**Data excerpt**
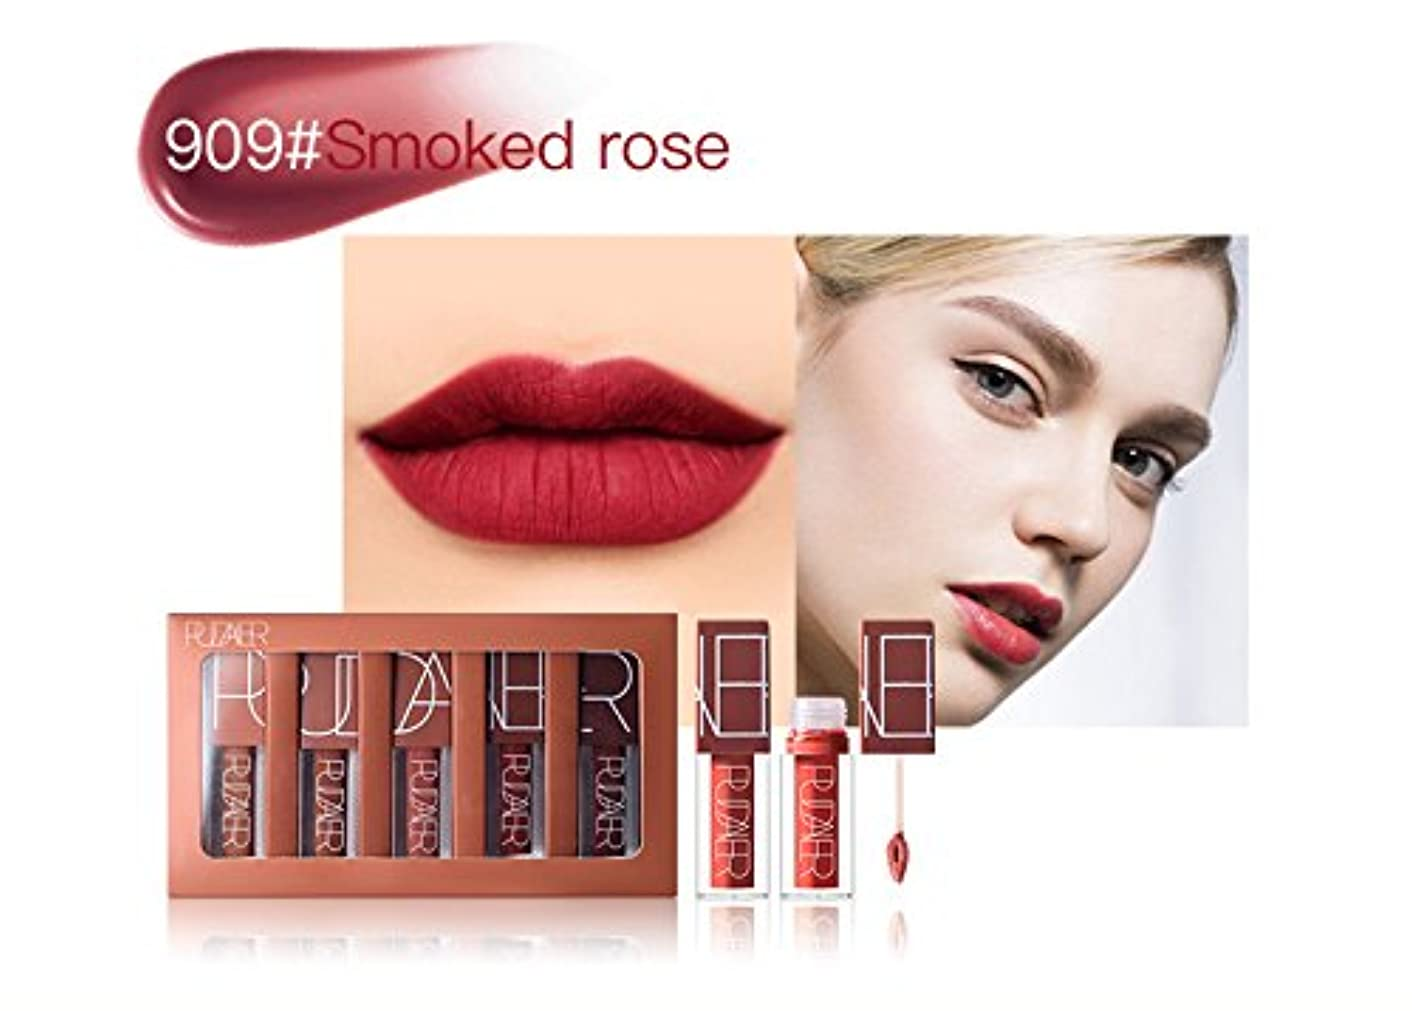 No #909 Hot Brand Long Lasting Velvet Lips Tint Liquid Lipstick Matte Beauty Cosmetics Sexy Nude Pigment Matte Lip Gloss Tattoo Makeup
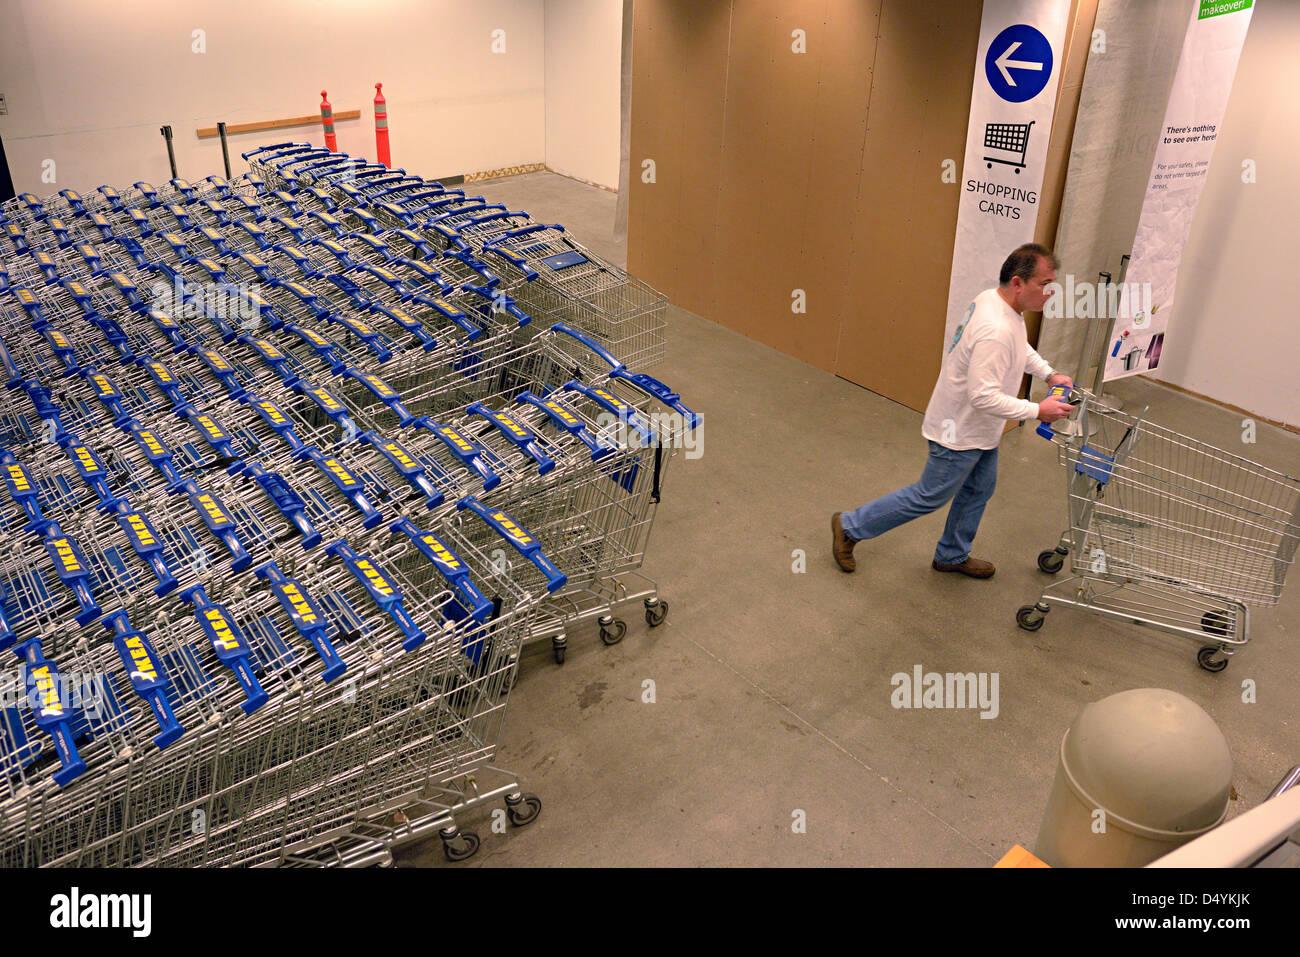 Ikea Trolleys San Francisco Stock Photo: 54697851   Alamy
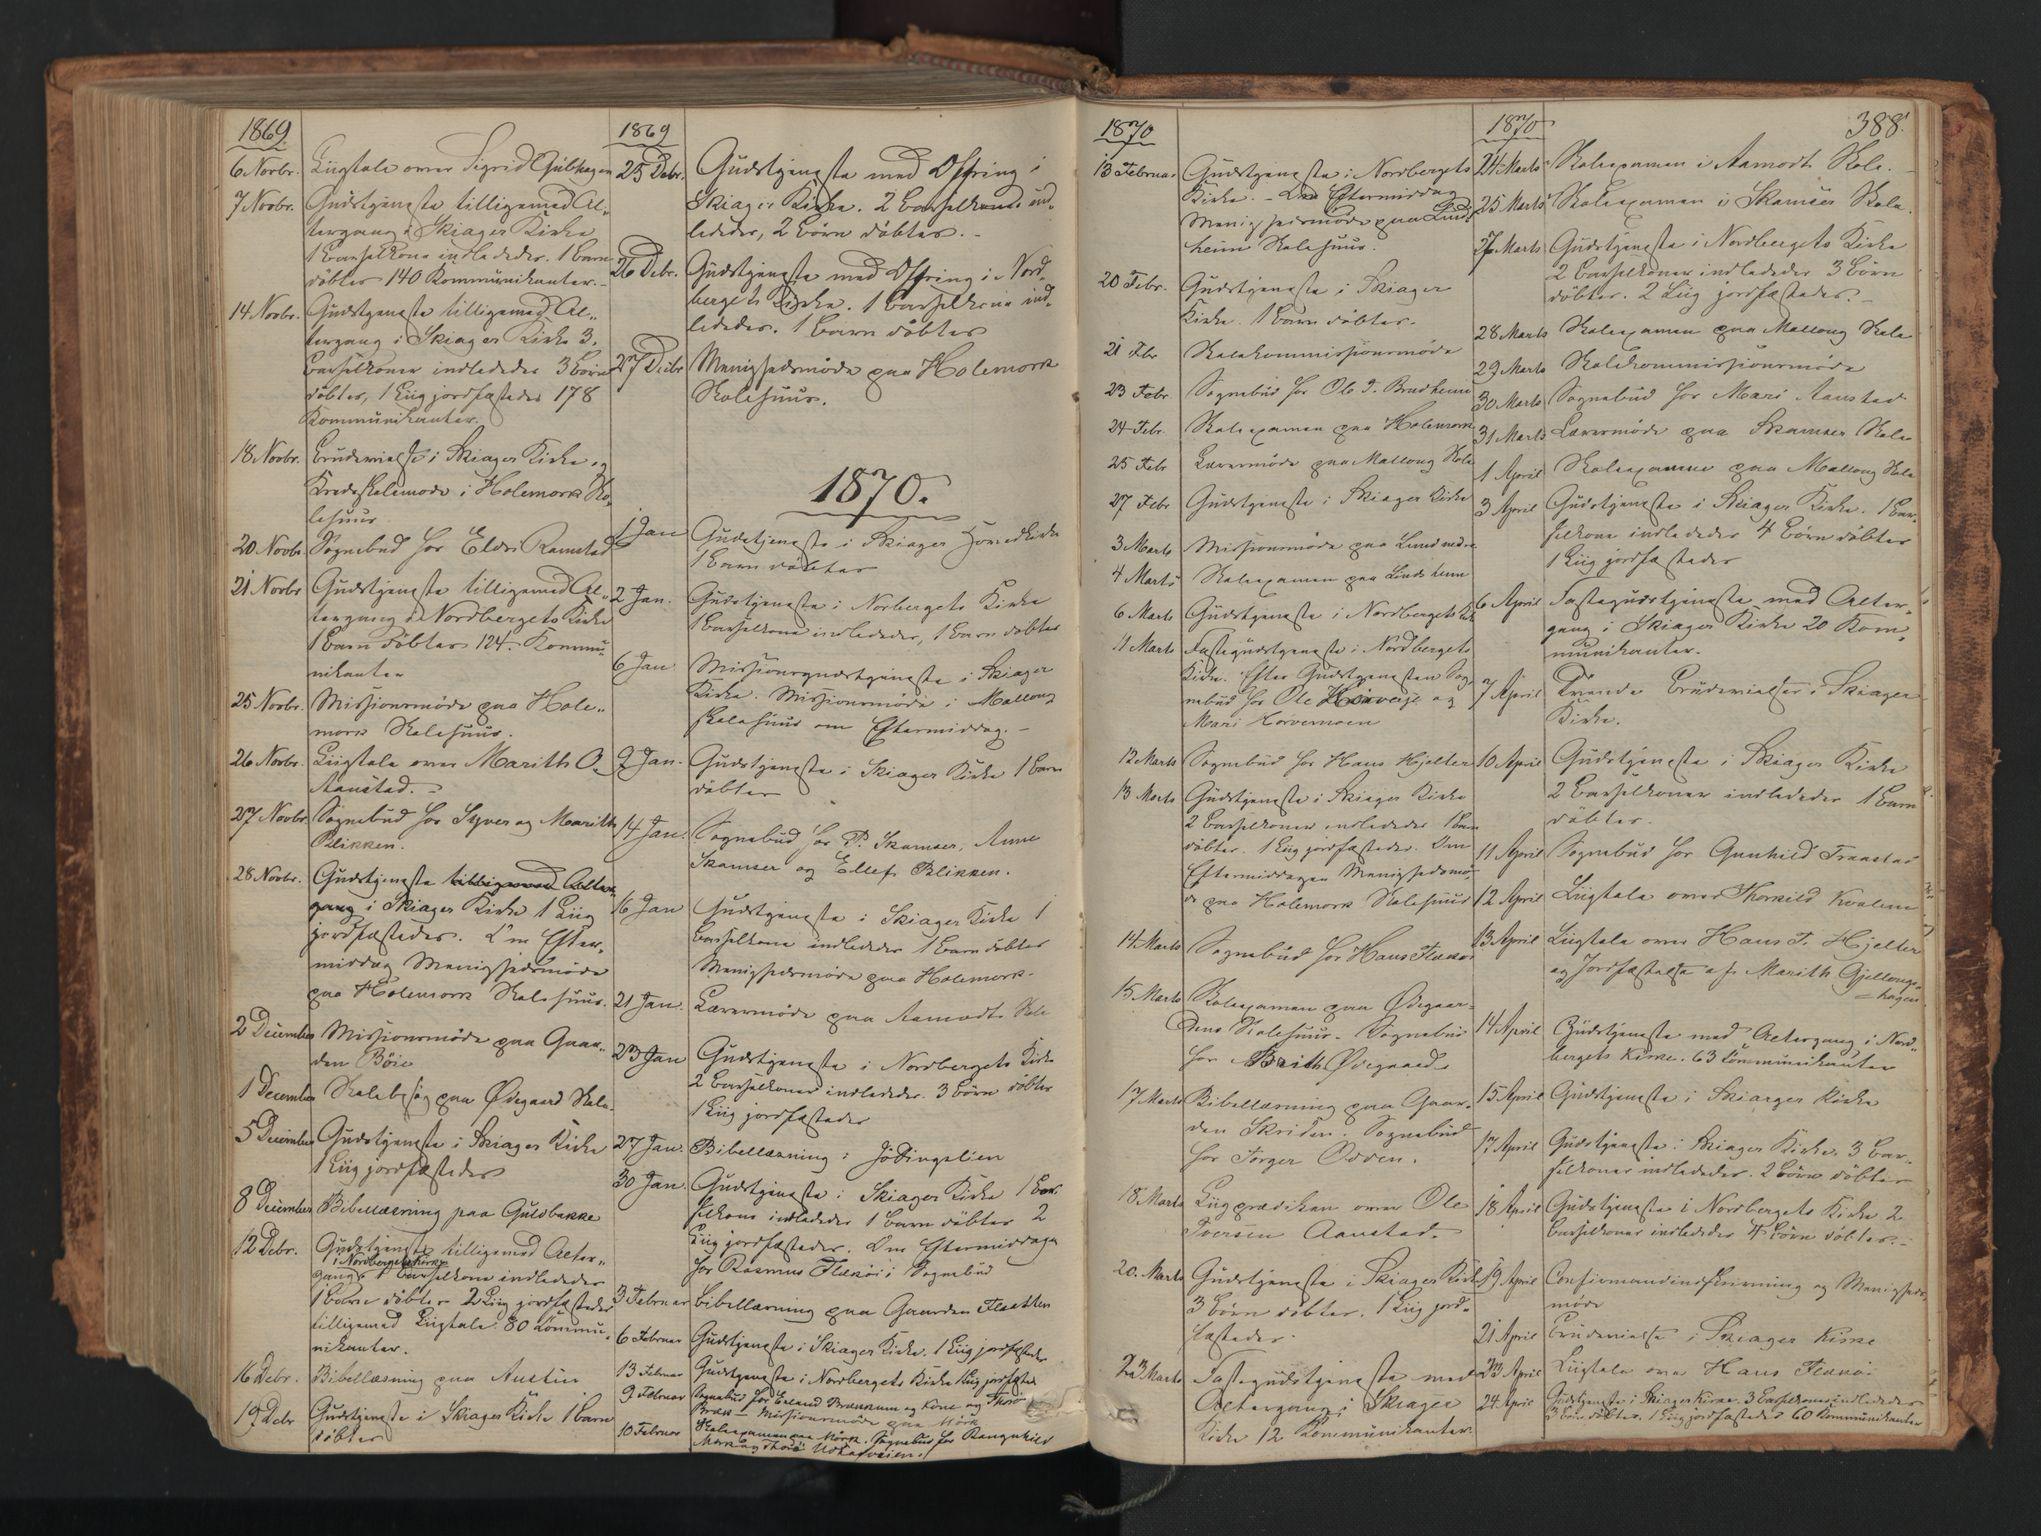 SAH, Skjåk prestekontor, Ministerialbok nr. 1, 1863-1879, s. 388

**Exercise requirements**
Would you restate word for word only the lines from the line with "Ikea Trolleys San" to the last line above, with the pictures left out?

**Written answer**
 Ikea Trolleys San Francisco Stock Photo: 54697851   Alamy
 SAH, Skjåk prestekontor, Ministerialbok nr. 1, 1863-1879, s. 388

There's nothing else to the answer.